25/07/11
by

Editoral – The Flatting Issue

At time of writing, Uther’s flat will not have had hot water for three and a half weeks. The landlord has claimed on no fewer than six occasions that he would come round and fix it within two days. This has not yet occurred. Uther and his flatmates have been using the shower in the abandoned house next door to maintain basic standards of hygiene (Elle: “How do you get in?” Uther: “The doors are unlocked.”)

This is not an altogether uncommon experience when it comes to rental accommodation in Wellington. There are the flats with vomit splattered—inexplicably, gravity-defyingly—on the ceiling. There are the flats where the rats are so settled in, they’ve become acclimatised to humans and will attack on sight. There are the flats with cracks in the windows, holes in the roof, mould behind the curtains, no insulation.
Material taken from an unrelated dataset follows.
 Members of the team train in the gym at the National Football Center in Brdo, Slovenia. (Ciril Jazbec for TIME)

Of course, the actual building itself is but one part of the triangle of flatting. In one corner, there’s Good Flatmates; in the other, there’s Good Flat; and, finally, there is Affordability. You can have any two corners at the expense of the third. Either your flatting experiences can be worth shit, or your credit rating can. The need to eat usually balances that choice in your bank account’s favour.

Flatting is shit, sure, but you have to do it. Ignoring the somewhat pointless argument that flatting in a cold, leaky dump is a ‘character building’ (as though any such constructed ritual carries any weight with our development as people), the realities of the current evils of capitalism means that society basically insists that you rough it for your university years. What’s more, there’s something quite unsavory about people who live with their parents past the age of twenty.
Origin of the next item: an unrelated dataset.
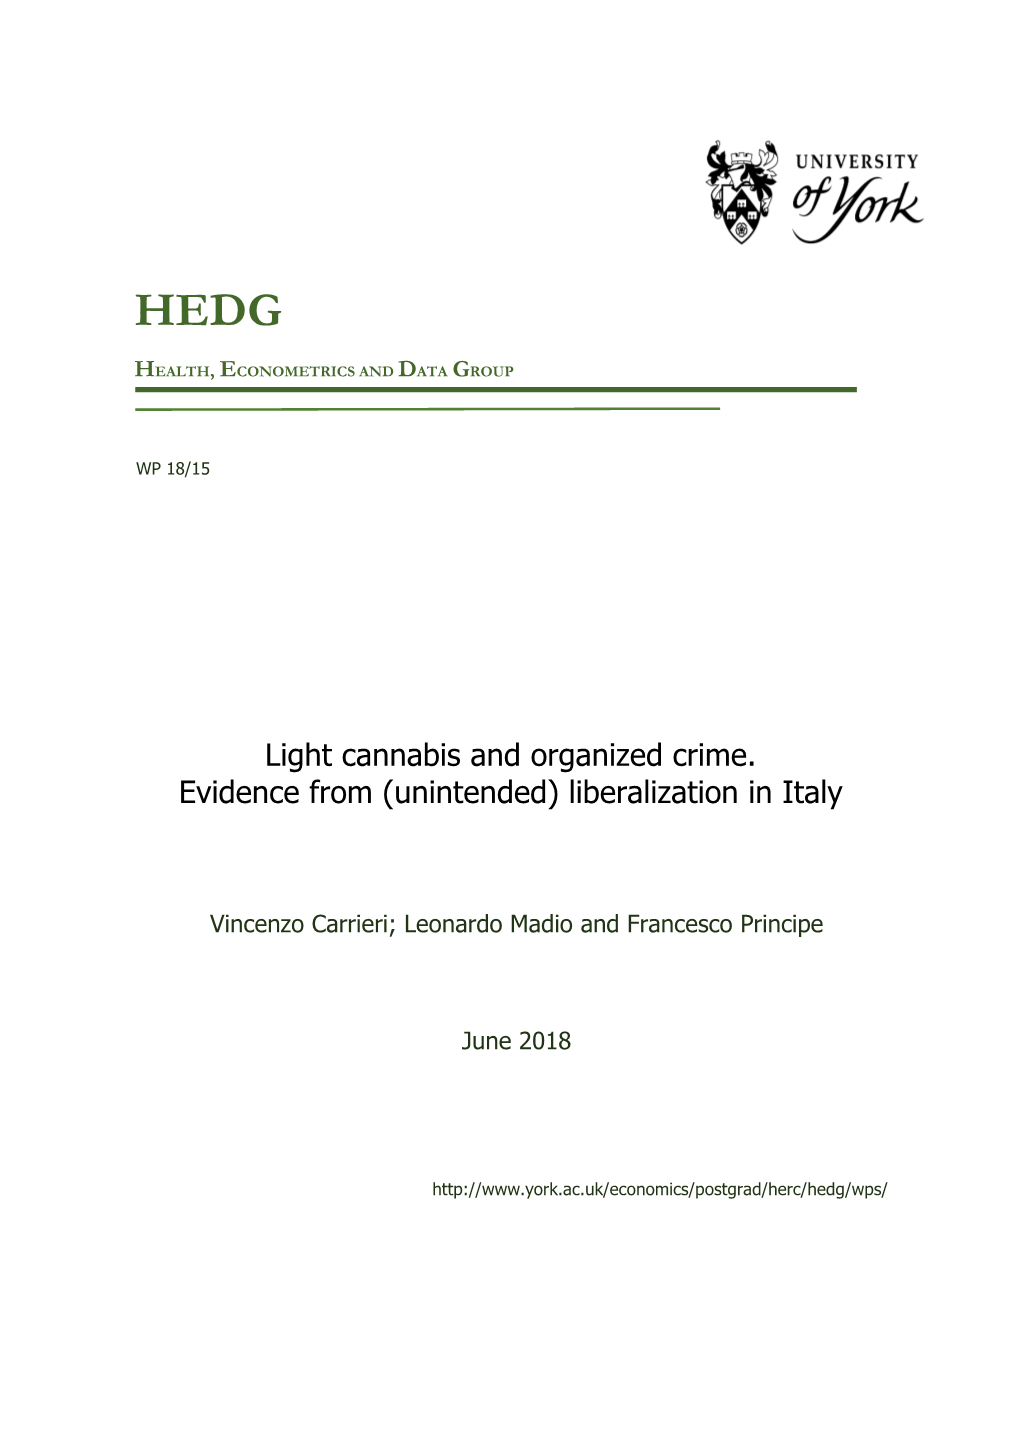 Light Cannabis and Organized Crime. Evidence from (Unintended) Liberalization in Italy

As the cost of rent continues, relentlessly, to rise—six years ago, $120 a week would be the most expensive you’d see—landlords continue to at best not care and at worst be actively negligent. Flatting has become the bane of the post-first-year experience, rather than the first flap of your freedom wings into the real world sky.
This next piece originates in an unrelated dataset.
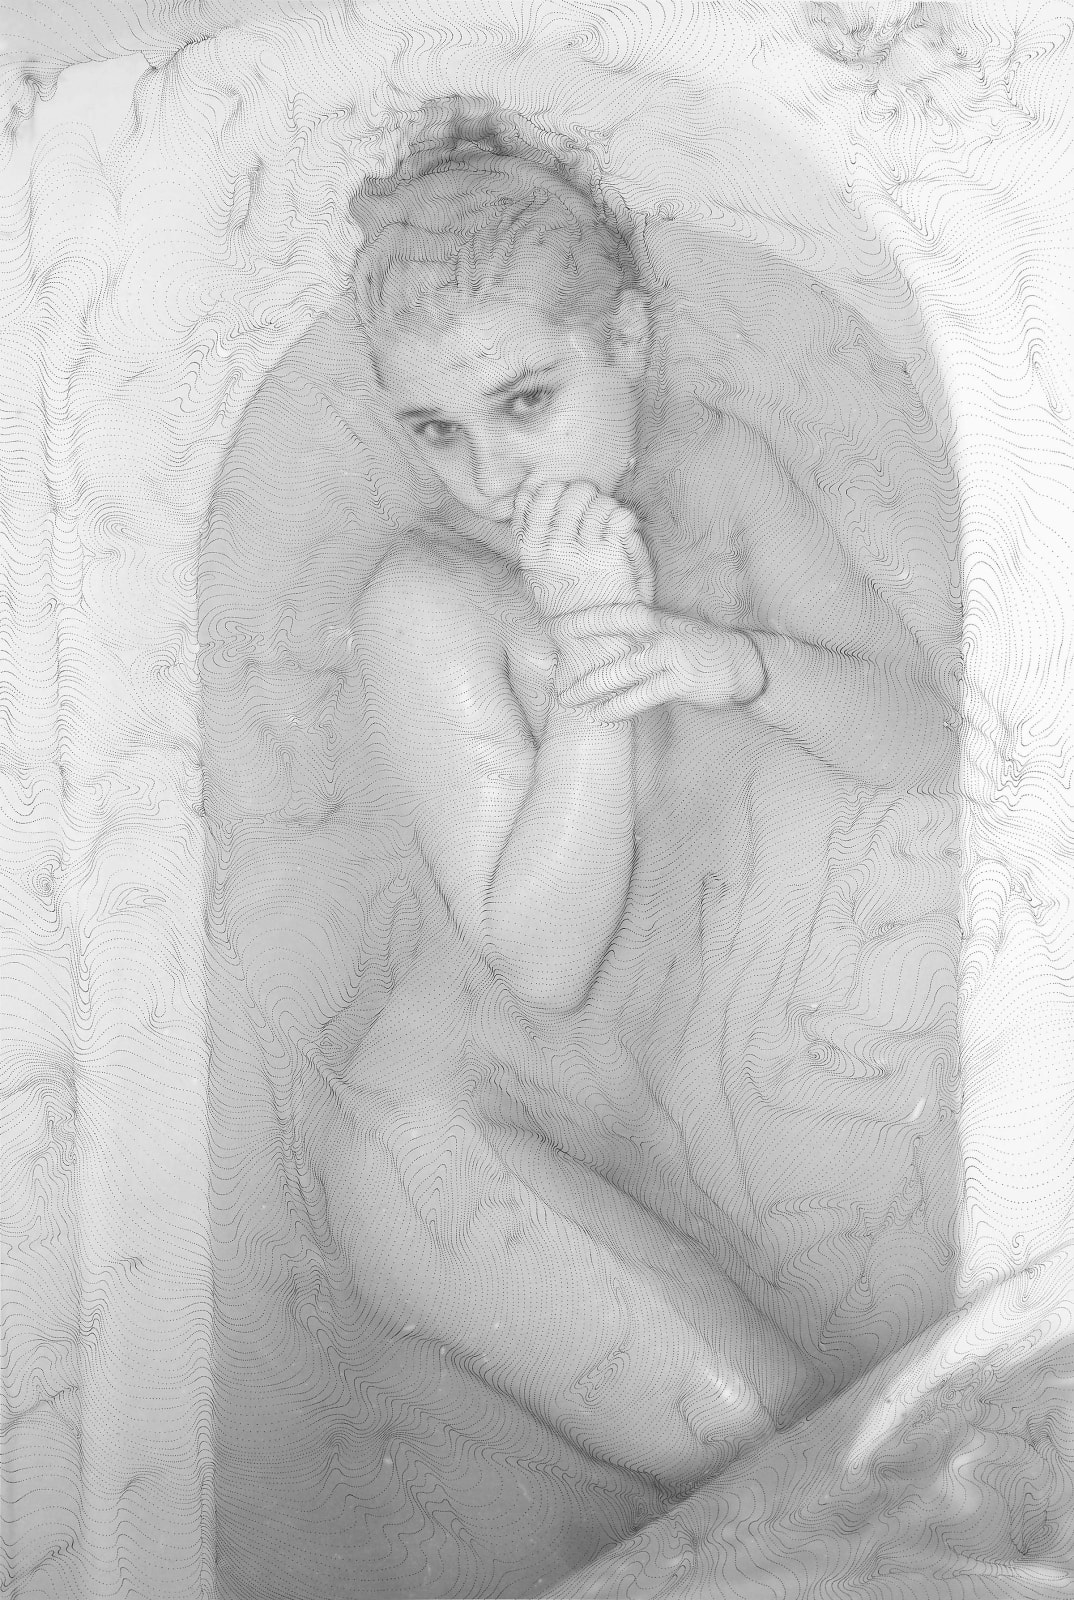 Sebastiaan Bremer Ave Maria 4 nude woman in bathtub with hand on mouth gray dot image

This, our Flatting issue, is our attempt to bale out a bit of the brine that is flooding the good ship Rental Accommodation. If you’re in a Hall of Residence now: you have been warned. If you’re not, well, we don’t need to tell you about the banes of cohabitation. And if you live with your parents—get out.

Please do your dishes,
Elle & Uther *

About the Author ()

Uther makes theatre. Elle grew up on a boat. Together they edit Salient.